Софья невольно усмехнулась, и подруга тут же просияла:

– Ну вот и слава богу! Не огорчайтесь, поболтают, пошумят и забудут! А бас Горелов, между прочим, сегодня на весь класс сказал, что вы правы и что он сию низкопоклонническую бумажонку тоже подписывать не намерен! Но Горелов же – это Горелов, его в Ла Скала выписали на будущий сезон, так зачем ему жалованье, он…

– Нина, ради бога!.. – взмолилась Софья, у которой уже трещала голова от усталости и переживаний.

Дальская, кажется, поняла это и юркнула за дверь, напоследок сообщив заговорщическим шепотом:

– А насчет Нравиной вы вовсе не волнуйтесь, она так злобствует лишь потому, что боится, будто вы возьмете ее партии, а она…

– Я – партии Нравиной?! – теперь Софья рассердилась по-настоящему. – Нина, вы с ума сошли! Что за бред!!! Не смейте это никому повторять, иначе я…

Но Дальская уже исчезла за дверью, и только из коридора до раздосадованной Софьи донесся ее звонкий смех.

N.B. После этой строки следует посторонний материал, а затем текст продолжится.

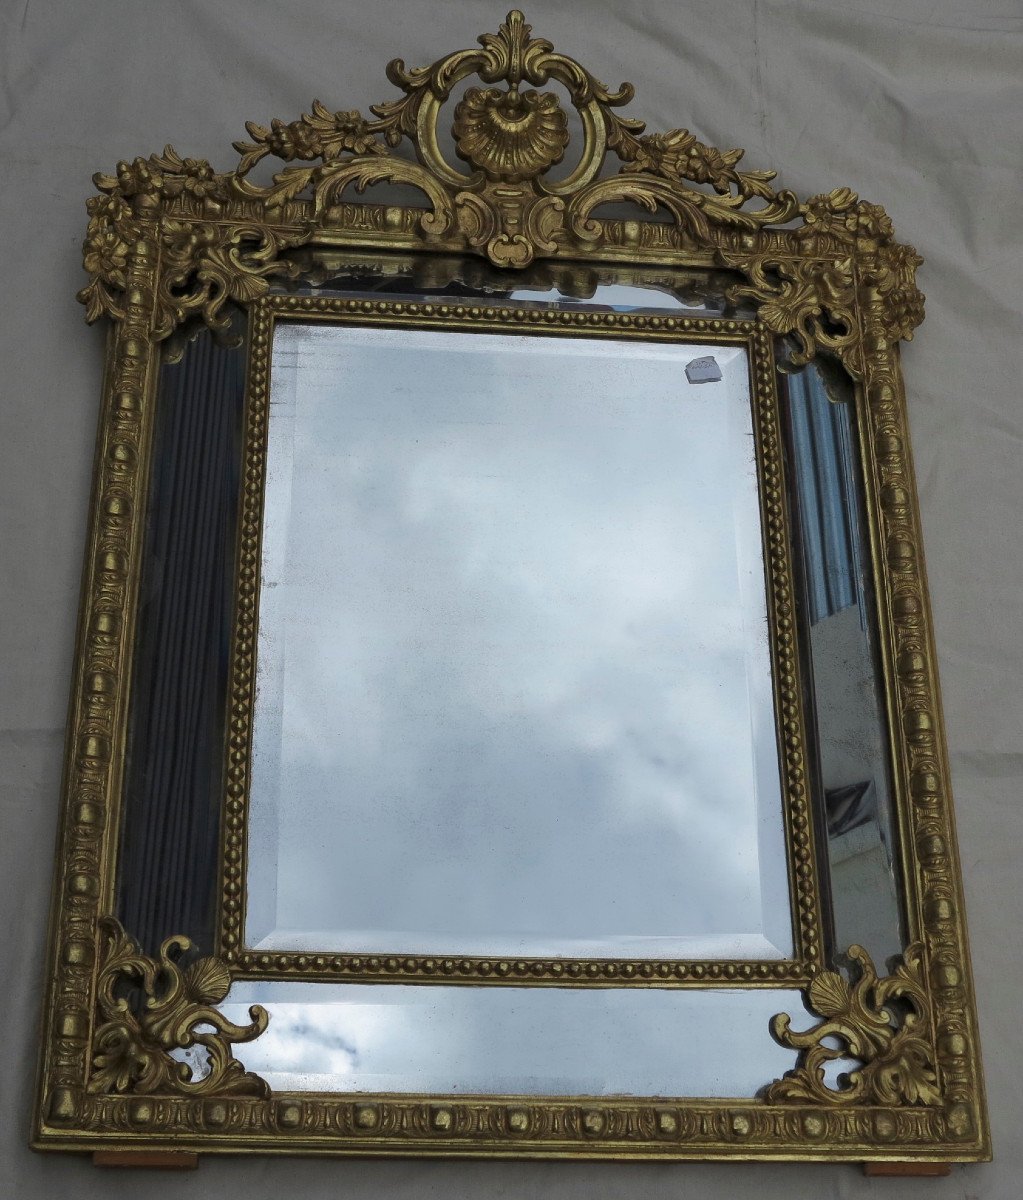 Regency Style Mirror With Mercury Ice Cream Parecloses Gilded With Gold 120 X 88 Cm

Прошло несколько недель, злополучная история с петицией понемногу начала забываться и даже прибавила Грешневой уважения среди молодой части труппы. Примы снова начали раскланиваться с ней, хотя и крайне надменно, но Софью это не оскорбляло: она хорошо знала театральную субординацию. В начале зимы Нина Дальская принесла на хвосте умопомрачительную новость, которую она, по ее словам, подслушала у дверей кабинета дирекции и которую поведала под страшным секретом только Софье. Новость действительно оказалась замечательной: дирижер Альтани говорил балетмейстеру, что партию Купавы в новой опере «Снегурочка» намерен «попробовать» с Грешневой.

– Нина, этого не может быть, – решительно произнесла Софья, выслушав пищащую от восторга подругу. – У Купавы большая партия, а я в театре всего третий год, мне не дадут.

– Сонечка, передаю как слышала! И больше – никому, чтоб не сглазить! Ой, дай боже, чтоб вам повезло, у вас ведь такой голос, такой голос!!! Вот споете Купаву, выйдете в ведущий состав, и эта Нравина наконец захлопнет свою хавирку!

– Нина!!! – ахнула шокированная Софья.

Дальская тихо рассмеялась и, нагнувшись, шепнула на ухо подруге:

– Папенька, знаете ли, держал скупку подержанных вещей в Свиньином переулке, прямо возле Хитровки, так чего только я в отрочестве не наслушалась… Удачи вам, Сонечка, я буду держать за вас кулаки!

Нина умчалась, Софья посмеялась немного и тут же забыла о сказанном. Но несколько дней спустя, находясь одна в пустом репетиционном классе (аккомпаниатор где-то задерживался), она забавы ради села за рояль и начала напевать арию Купавы из первого действия.

Ария была красивой и, как и исполненная ею когда-то партия Виолетты, писалась для колоратурного сопрано, но Софья не сомневалась, что споет ее без труда. Преподавательница Софьи из Неаполя, госпожа Росси, в свое время уверяла свою воспитанницу, что, научившись петь бельканто, любую русскую оперу «с ее кошмарными, тяжелыми средними регистрами, cara mia!» она исполнит с легкостью. И Софья чувствовала, что это в самом деле так. Во всяком случае, напевая сейчас арию Купавы, она не испытывала ни малейших затруднений на верхних нотах и, обрадовавшись, запела в полный голос, все громче и громче, увлекаясь звонкой, светлой, беззаботной мелодией: Купава, утешая безнадежно влюбленную Снегурочку, не может скрыть своего счастья – она ждет жениха, Мизгиря. Беспечно нащупывая голосом высокие ноты, Софья от души взяла головокружительное «ля» верхнего регистра, держала его до последнего… и опомнилась, лишь услышав мягкие аплодисменты от дверей. По спине пробежали мурашки; она испуганно сняла руки с клавиш рояля и обернулась. На пороге стоял Альтани, а из-за его спины выглядывали изумленные лица артистов.

– М-м, недурно, мадемуазель Грешнева, весьма недурно, недурно, недурно… – задумчиво пробасил Альтани, резким жестом оборвав Софьины неловкие извинения. – Я уж вижу, что вы сами себе аккомпаниатор. А ну-ка, освободите инструмент…

Смущенная донельзя Софья встала из-за рояля. Альтани по-хозяйски уселся за него, взял несколько аккордов и невозмутимо попросил:

– Ну, коль уж вы сами так замечательно распелись, то давайте-ка мне сейчас арию Татьяны. Вот эту, из первого действия, «Пускай погибну я…».